##This data is before the further analysis in R.
Chopped<-read.csv("c:/users/abbey/Desktop/Data Mining/family.csv")
head(Chopped)
## FM_SIZE FM_KIDS FM_EDUC1 FSRUNOUT FSLAST FSBALANC FSSKIP FSSKDAYS FSLESS
## 1 3 2 4 1 2 2 1 8 1
## 2 4 3 9 1 2 2 2 NA 2
## 3 3 1 97 1 1 1 1 15 1
## 4 2 0 4 1 2 2 1 3 1
## 5 5 3 5 1 1 1 1 30 1
## 6 2 1 2 1 2 3 2 NA 2
## FSHUNGRY FSWEIGHT FSNOTEAT FSNEDAYS FDMEDYN INCGRP4 FSNAP
## 1 1 1 1 7 2 1 1
## 2 2 2 NA NA 1 2 2
## 3 1 1 2 NA 2 99 7
## 4 1 2 2 NA 2 1 1
## 5 1 2 2 NA 1 3 2
## 6 2 2 NA NA 2 1 1
library (car)
fit<-lm(FSRUNOUT~ FSBALANC + FSLAST+ FDMEDYN+ FSWEIGHT + FSHUNGRY + INCGRP4, data=Chopped)
summary(fit)
##
## Call:
## lm(formula = FSRUNOUT ~ FSBALANC + FSLAST + FDMEDYN + FSWEIGHT +
## FSHUNGRY + INCGRP4, data = Chopped)
##
## Residuals:
## Min 1Q Median 3Q Max
## -2.71119 -0.27918 0.07383 0.31155 0.74443
##
## Coefficients:
## Estimate Std.
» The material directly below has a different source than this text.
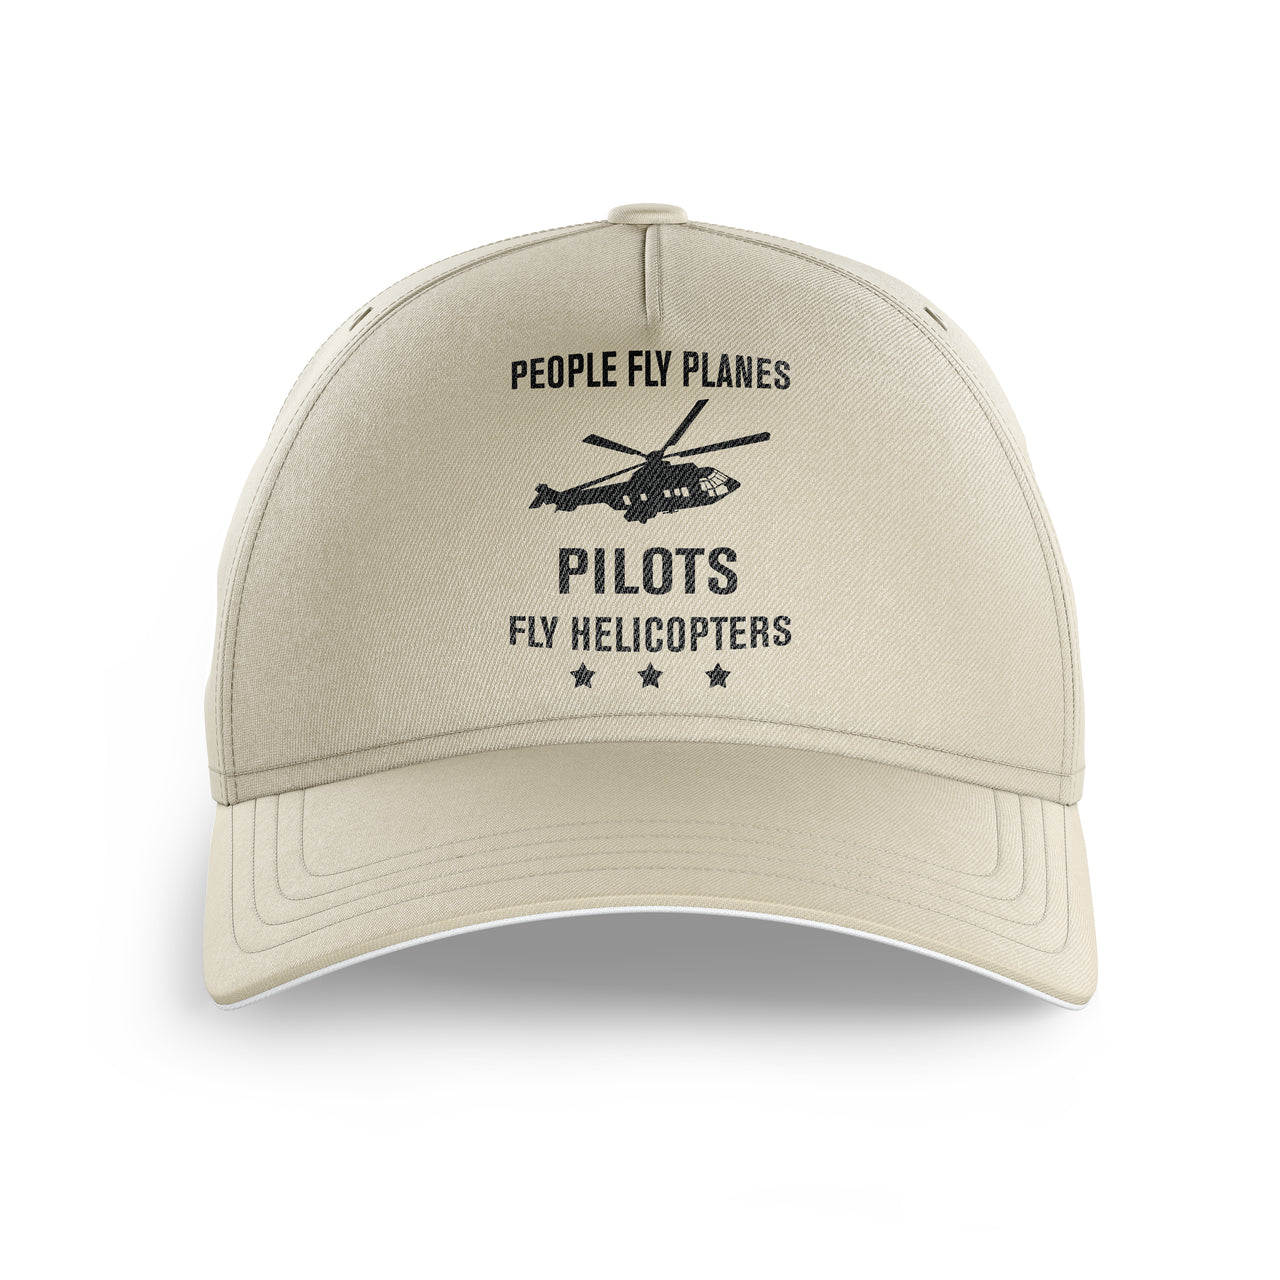 People Fly Planes Pilots Fly Helicopters Printed Hats

Error t value Pr(>|t|)
## (Intercept) 0.8222234 0.0230502 35.671 < 2e-16 ***
## FSBALANC 0.0873303 0.0070310 12.421 < 2e-16 ***
## FSLAST 0.2908153 0.0079020 36.803 < 2e-16 ***
## FDMEDYN 0.0236071 0.0086057 2.743 0.00610 **
## FSWEIGHT 0.0011734 0.0051847 0.226 0.82096
## FSHUNGRY 0.0299511 0.0093403 3.207 0.00135 **
## INCGRP4 0.0004679 0.0002001 2.338 0.01941 *
## ---
## Signif. codes: 0 '***' 0.001 '**' 0.01 '*' 0.05 '.' 0.1 ' ' 1
##
## Residual standard error: 0.3866 on 7318 degrees of freedom
## Multiple R-squared: 0.2995, Adjusted R-squared: 0.2989
## F-statistic: 521.5 on 6 and 7318 DF, p-value: < 2.2e-16
## Accoring to the logistic regression those said they were worried (FSRUNOUT) were correlated
##with whether or not they were constantly eating balanced meals, if they have ran out of food in the last 12 months,
## if they have gone to the doctor when they needed medical attention, if they experienced hunger and did not eat, and thier income.
## The coeffecients suggest there is a increasing probability of the independent variables because they are all positive.
## the over all adjusted R squared is 30% saying it explains 30% of the data is relatively low but by calculating the f stat
##fstat
(0.2989/6)/((1-0.2989)/7318)
## [1] 519.9806
519.9806/521.5
## [1] 0.9970865
1-(.99708684)
## [1] 0.00291316
## we get .0029 which is significant so we are ok with our adjusted R squared being lower.
## in addition our overal p-value for the model is <0.05 which means this model is statistically significant.